Mergind and Analysing Data

Recitation 4

Rithika Kumar (joint with Alex Toolkin)

September 26, 2019

PS1 is out!

Review your problem sets. As Professor Hopkins noted, most people get 2s (checks). Everyone got feedback on the problem set, so read that as that is the important part.

Goals for Today

  1. DPLYR
  2. Merging
  3. Data Exploration

DPLYR

The wonders of dplyr

DPLYR versus Base R

How do we get all the names of first generation pokemon?

Remember, piping does not modify your objects or create new objects!

Dplyr is sweet

https://rstudio.com/wp-content/uploads/2015/02/data-wrangling-cheatsheet.pdf

Dplyr is sweet

pokedex %>% 
  mutate(
    sp_total = sp_attack + sp_defense
  )

Dplyr is sweet

And you can keep stacking transformations!

Example: What is the average sp_attack + sp_defense of each generation of pokemon?

pokedex %>%
  mutate(sp_total = sp_attack + sp_defense) %>%
  group_by(generation) %>%
  summarise(mean(sp_total))

Merging

Types of Merges

Joins in code

lfp1 <- read.csv("data/lfp1.csv")
lfp2 <- read.csv("data/lfp2.csv")
lfp2$id <- lfp2$id.no

merged_lfp <- lfp1 %>% inner_join(lfp2, by = "id")

Joins in code

# examples of various joins
merged_lfp <- lfp1 %>% full_join(lfp2, by = "id")
merged_lfp <- merge(lfp1,lfp2,by="id")
merged_lfp <- right_join(lfp1,lfp2,by="id")

Data Exploration

Summarizing Data

Using summary statistics on our data

Say we’re interested in 1st gen pokemon attack

firstg_attack <- pokedex %>% 
  filter(generation == 1) %>% 
  pull(attack)

mean(firstg_attack)
median(firstg_attack)
var(firstg_attack)
sd(firstg_attack)
quantile(firstg_attack)

#To get the deciles
quantile(pokedex$speed, prob = seq(0, 1, length = 11)) 

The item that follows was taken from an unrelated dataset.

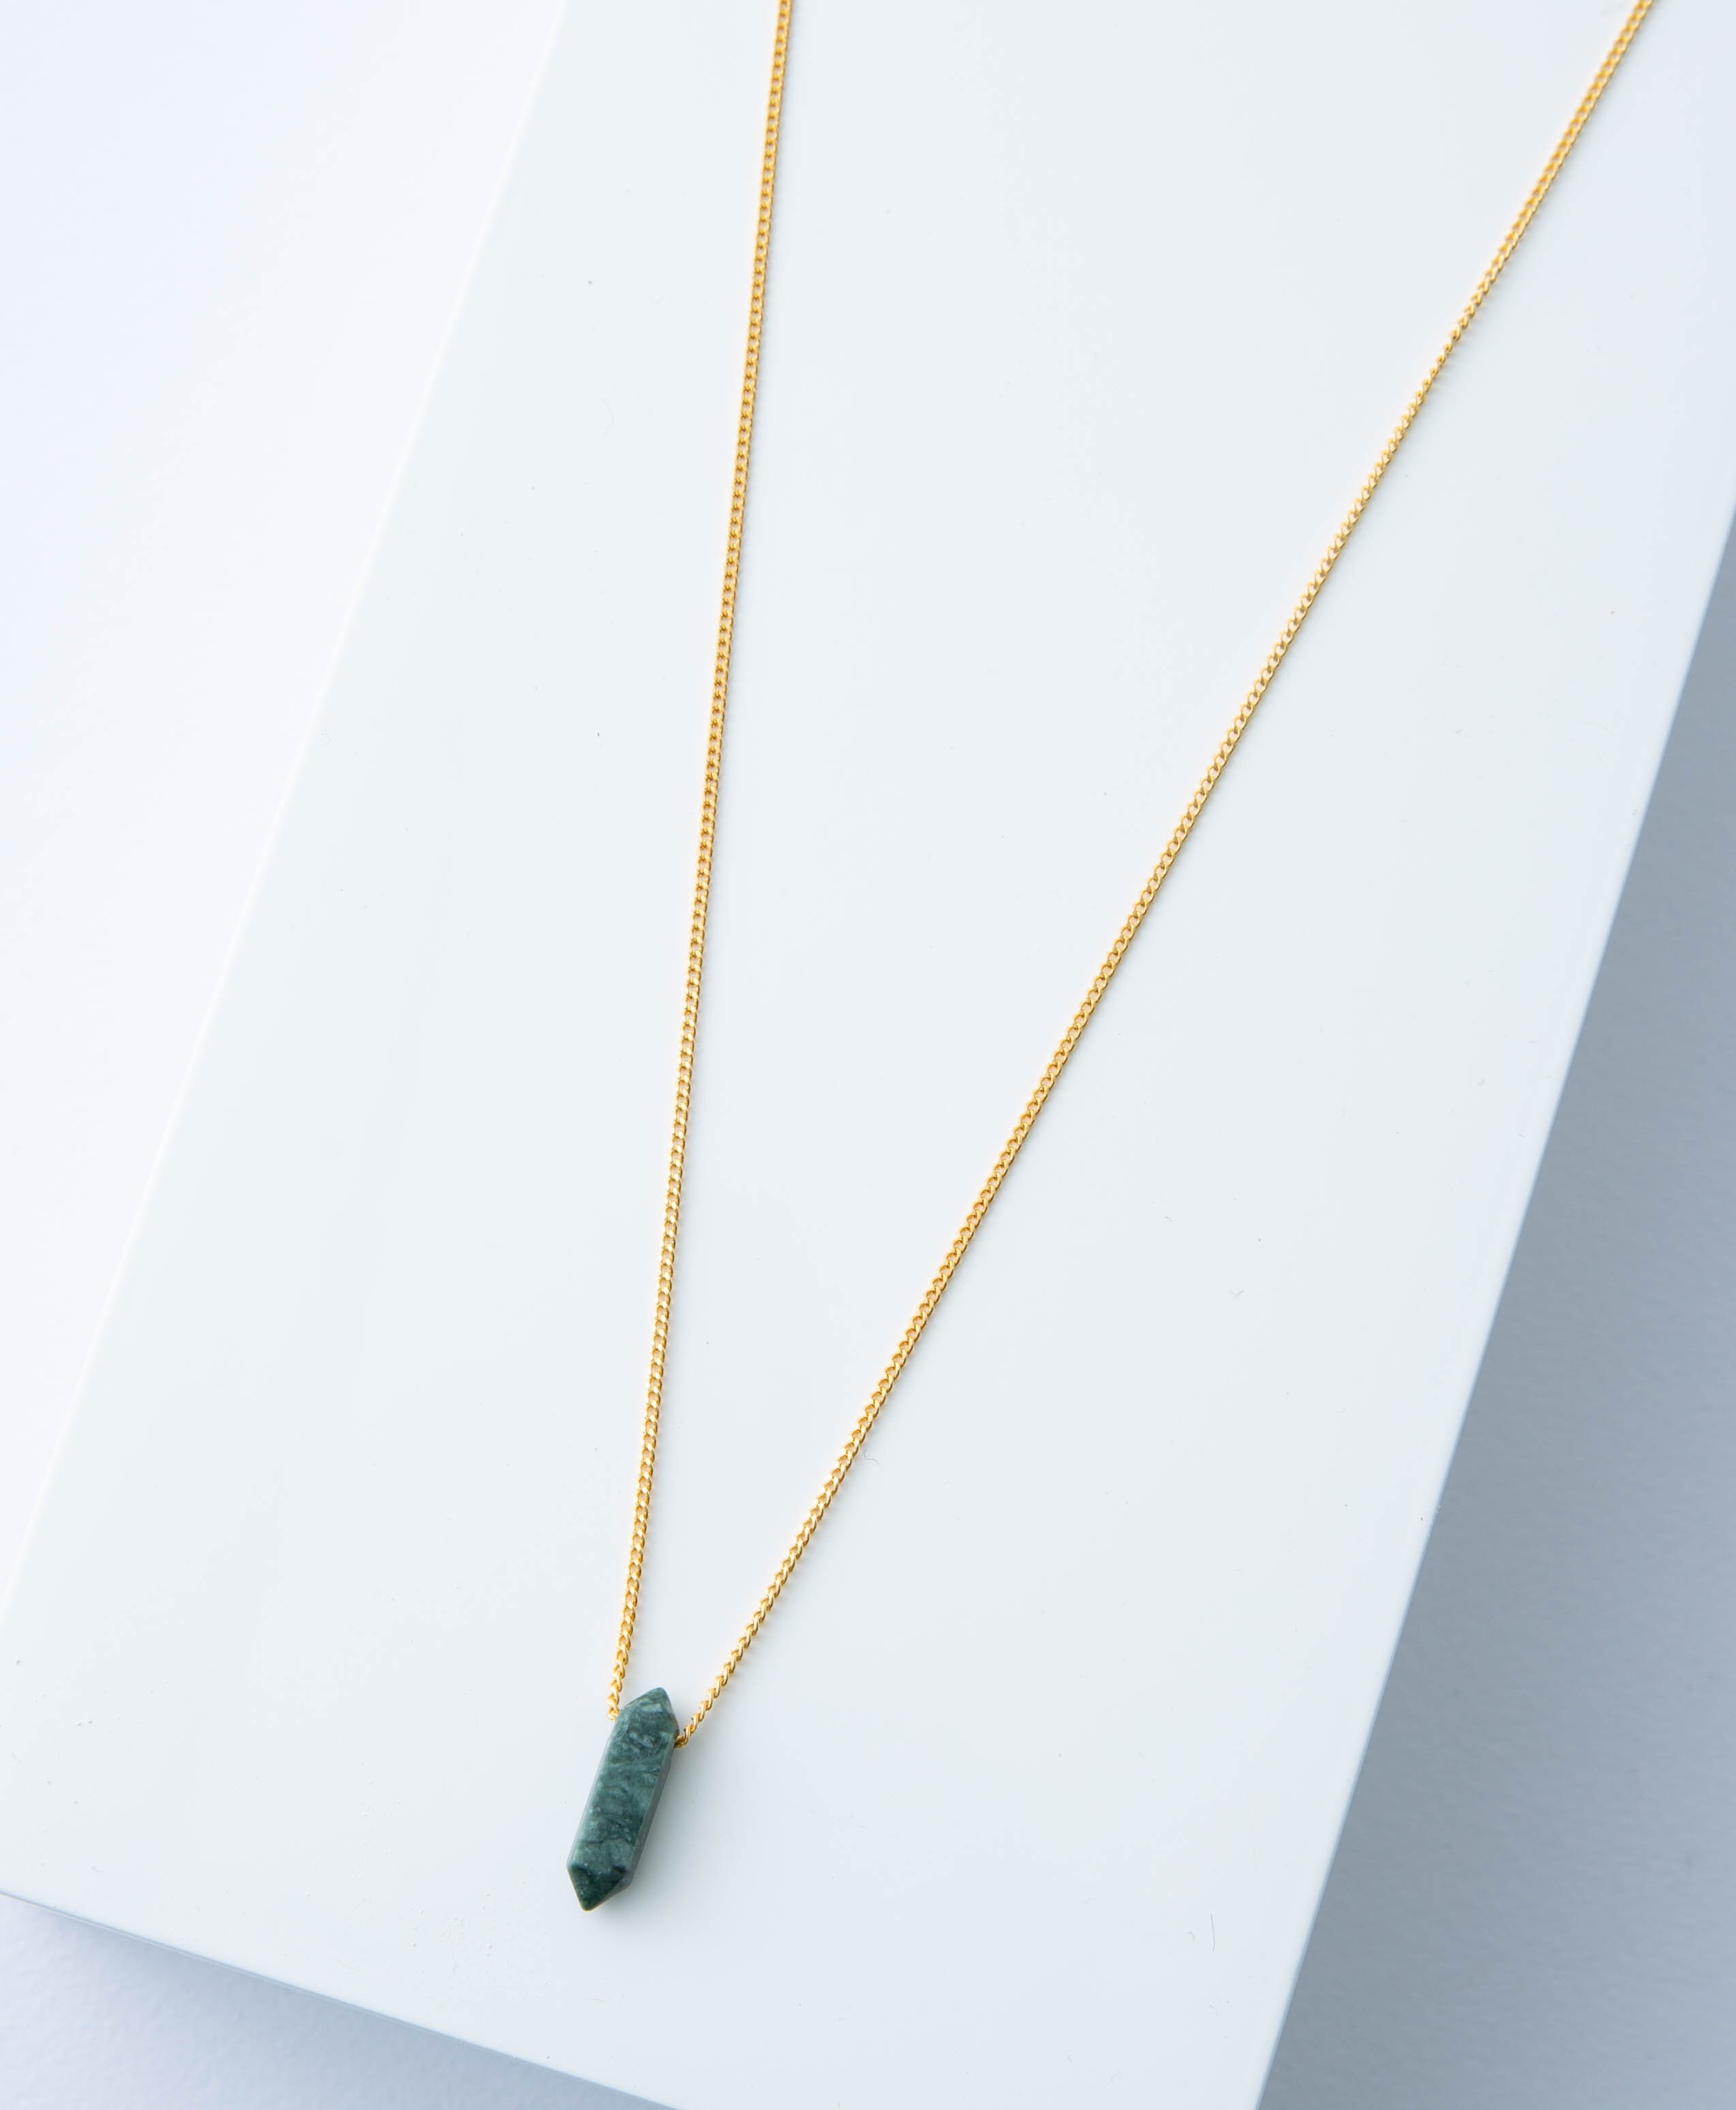 https://www.noondaycollection.info/img/product/petite-prism-necklace/petite-prism-necklace-large.jpg

#This can be modified for other cuts as well. 

DANGER - NAs!

Note that summary statistics don’t work if you have NAs!

mean(merged_lfp$k5)

uh oh!

sum(is.na(merged_lfp3$k5))
lfp.merged.nona <- na.omit(merged_lfp3$k5)
mean(lfp.merged.nona)

Exercise

Exercise

Explore the Pokemon data set - some sample questions to try.